[Profile of autonomous regulation of circulation in patients with severe left ventricular myocardial hypertension].

Autor: Mamontov OV, Liubimtseva TA, Moiseeva OM, Irtiuga OB, Shliakhto OB
Jazyk: ruština
Zdroj: Klinicheskaia meditsina [Klin Med (Mosk)] 2013; Vol. 91 (1), pp. 49-54.
Abstrakt: The possibility of concomitant hypertrophic myopathy (HCMP) and hypertensive disease (HD) in the same patient is debatable. This study aimed at estimating peculiarities of autonomous regulation of circulation and clinic-pathogenetic features of the disease in patients with marked hypertrophy of interventrucular septum (IVS) depending on the presence of arterial hypertension (AH). The patients with manifest left ventricular hypertrophy (MLVH) were divided into those with and without AH. Clinical examination included assessment of the vasomotor cardiopulmonary baroreflex (VM CPBR). Valsalva maneuver, sensitivity of spontaneous arterial baroreflex (ABR), cardiac rhythm variability at rest and orthostasis.

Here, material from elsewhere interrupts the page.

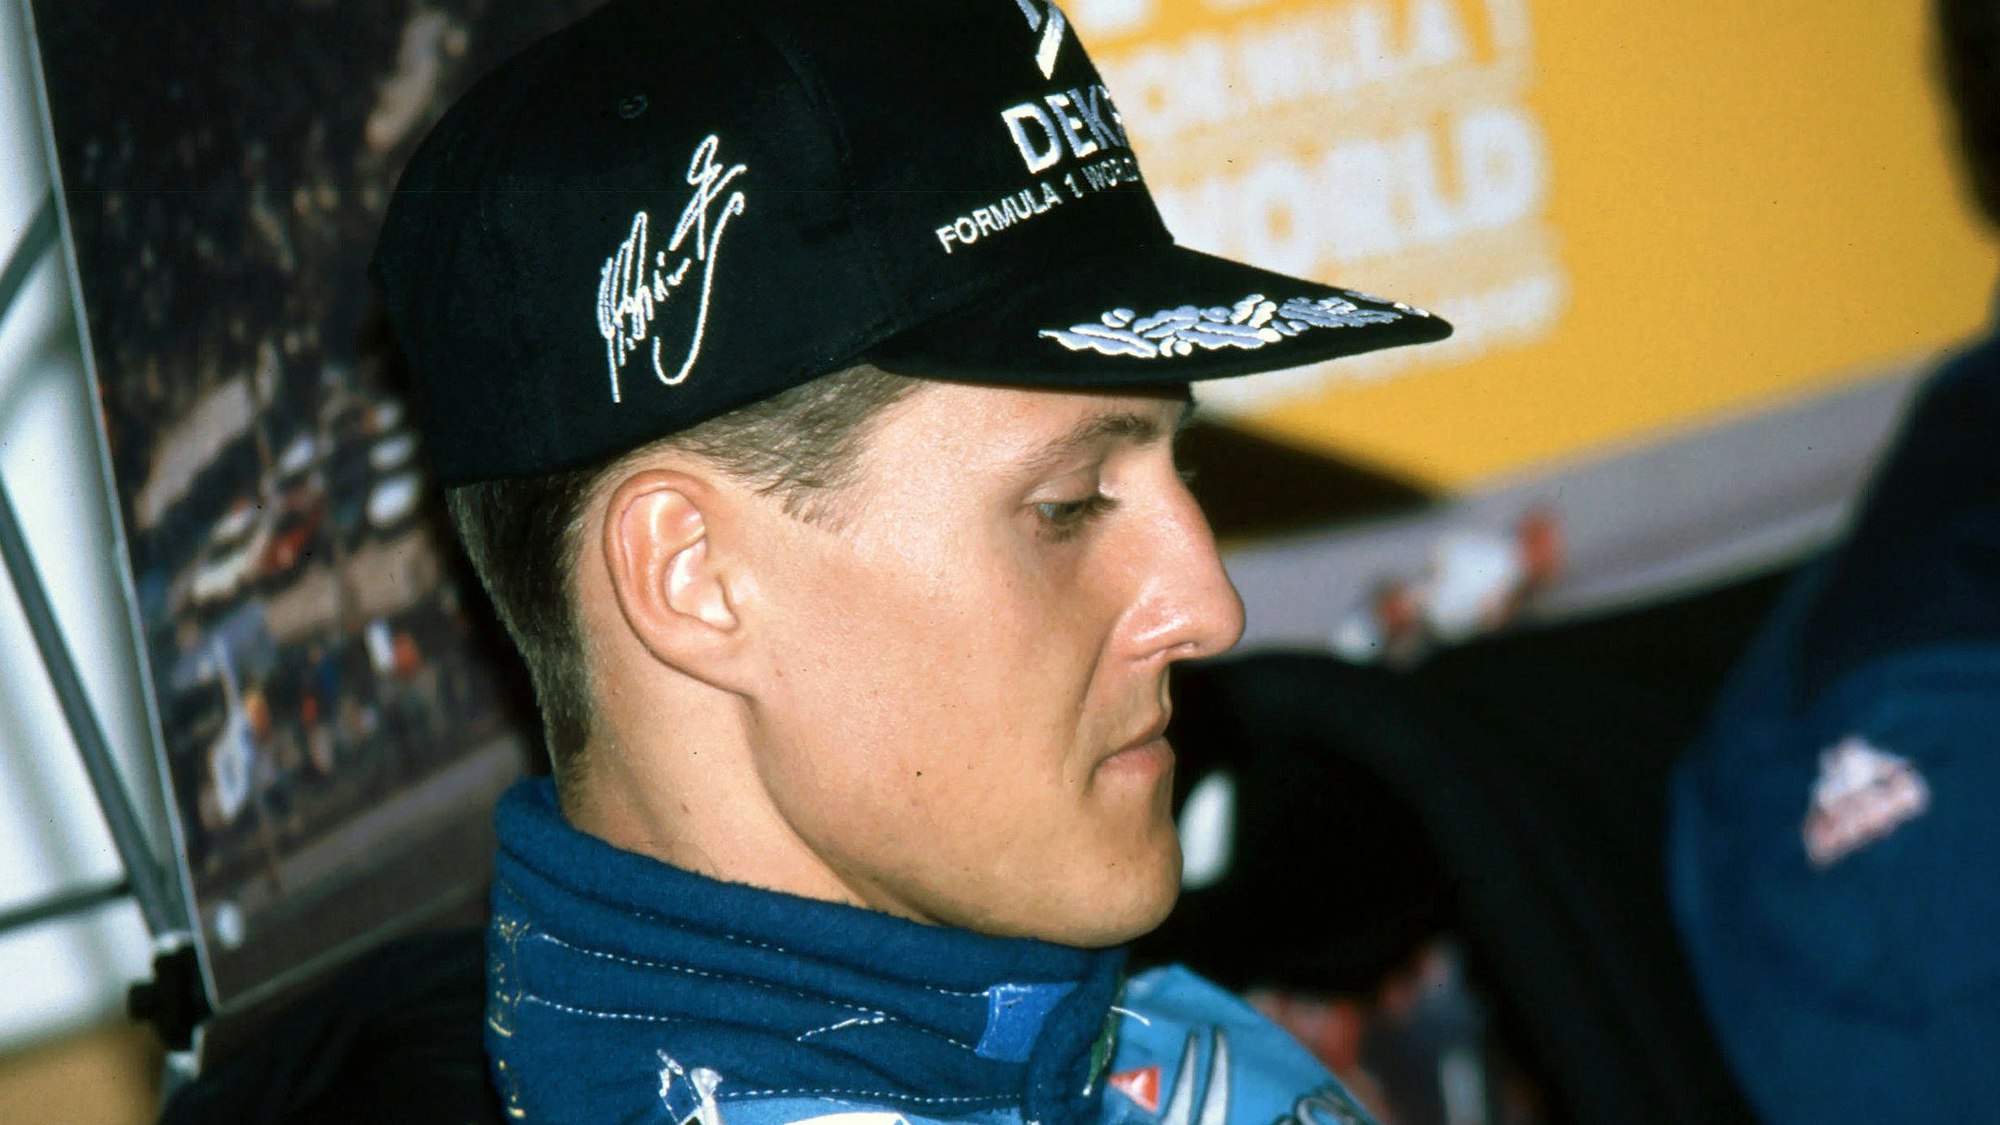 Einer der ganz Großen des Motorsports: Michael Schumacher. (Archivfoto)

Hemodynamic parameters were determined by continuous non-invasive recording using a Finometer arterial pressure monitor. Patients with HCMP showed reduced VM CPBR, preserved ABR, Valsalva and sympatovagal indices. Similar but less pronounced changes were documented in patients with MLVH, AH and HD. Profile of autonomous regulation of circulation in patients with manifest left ventricular myocardial hypertension and AH was significantly different from that in HCMP patients but similar to the profile in the patients with HD.